> _Exercise_
Where a picture appears, leave it out, and transcribe all the lines below exactly.

====== Recorded data

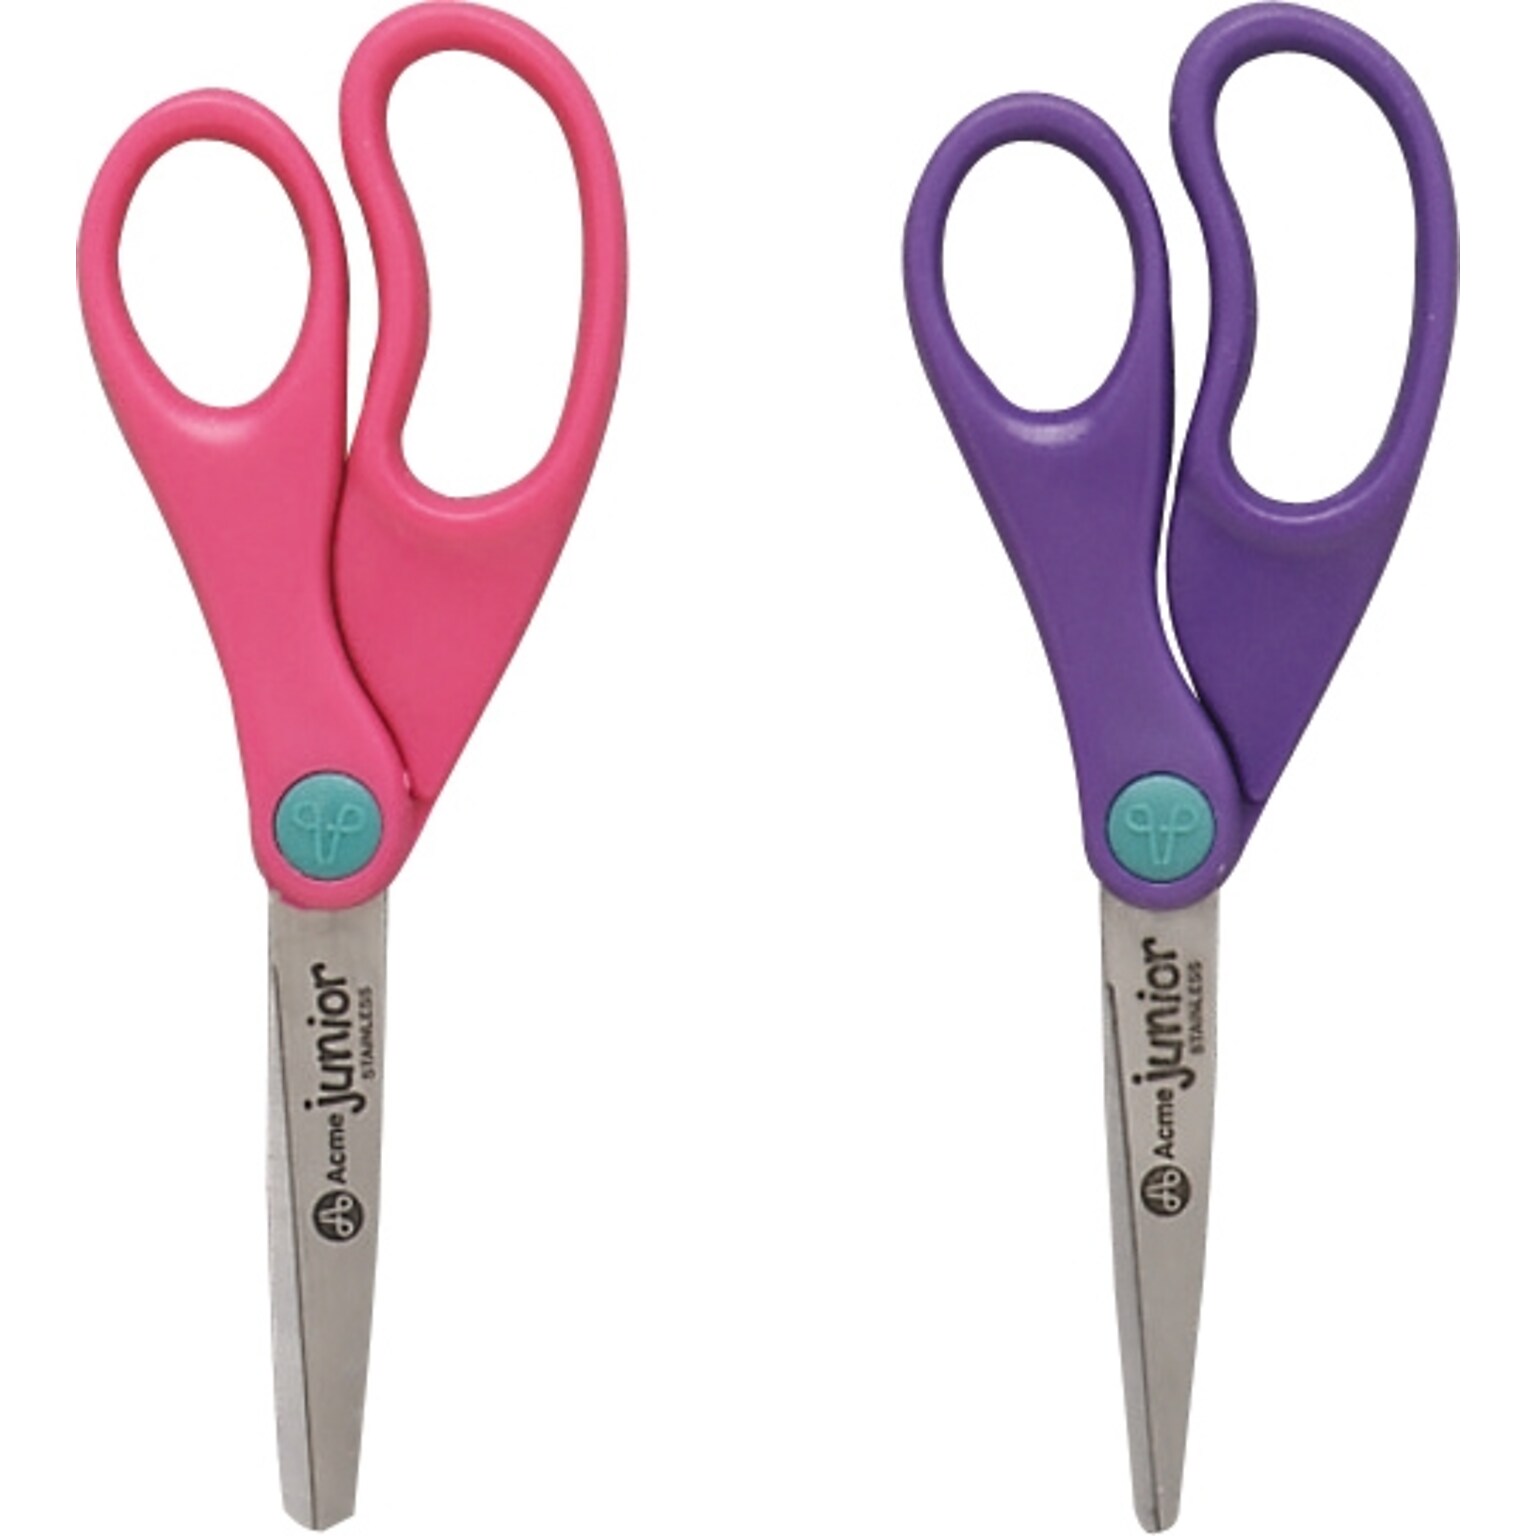 Westcott Value 5 Stainless Steel Kids Scissors, Pointed Tip, Assorted Colors, 12/Pack (13141)
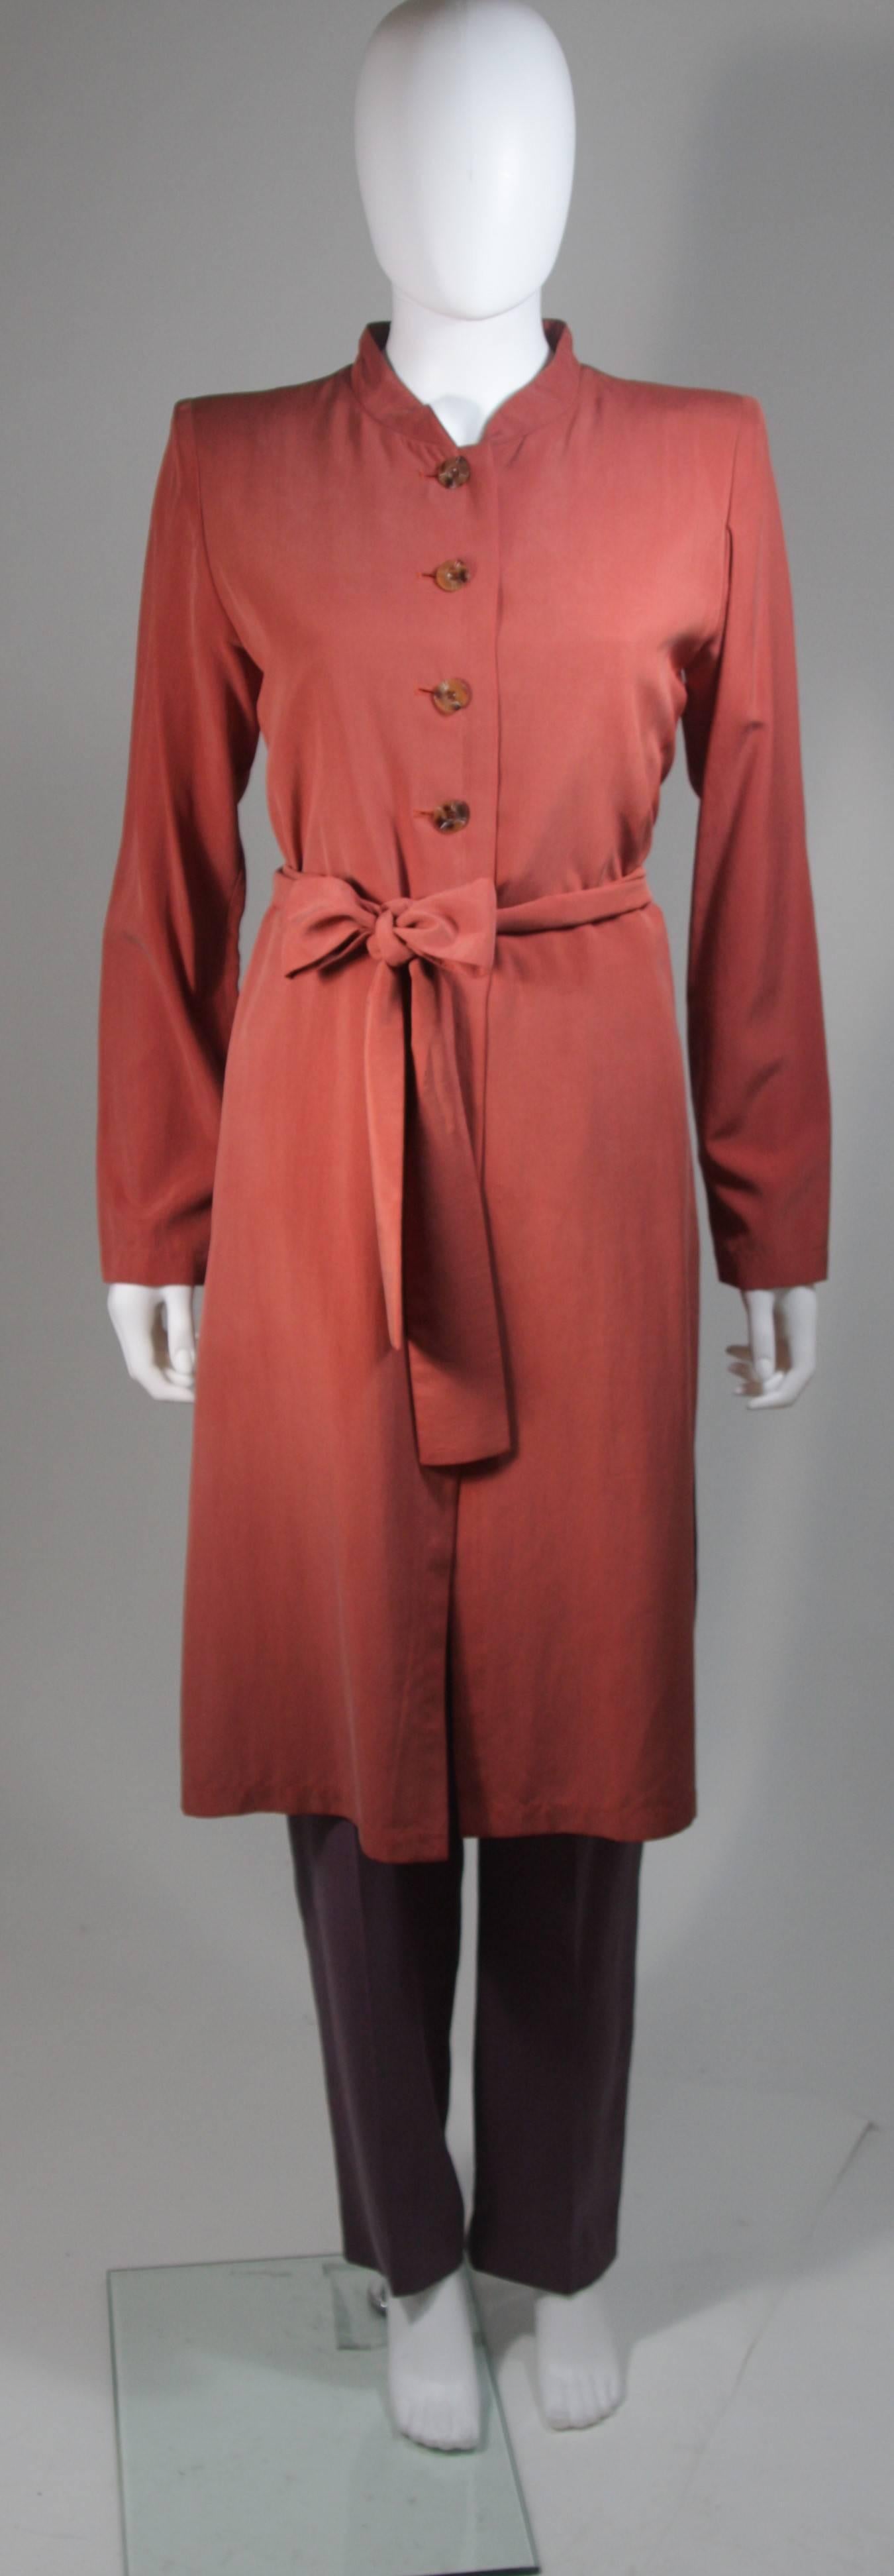  This pant suit is composed of silk. The jacket has a center front closures with side slits. The pants have a classic pleat front silhouette with side zipper closure. In excellent vintage condition. Made in France. 

  **Please cross-reference

============

> _Answer to this exercise_
 Westcott Value 5 Stainless Steel Kids Scissors, Pointed Tip, Assorted Colors, 12/Pack (13141)
  This pant suit is composed of silk. The jacket has a center front closures with side slits. The pants have a classic pleat front silhouette with side zipper closure. In excellent vintage condition. Made in France. 

  **Please cross-reference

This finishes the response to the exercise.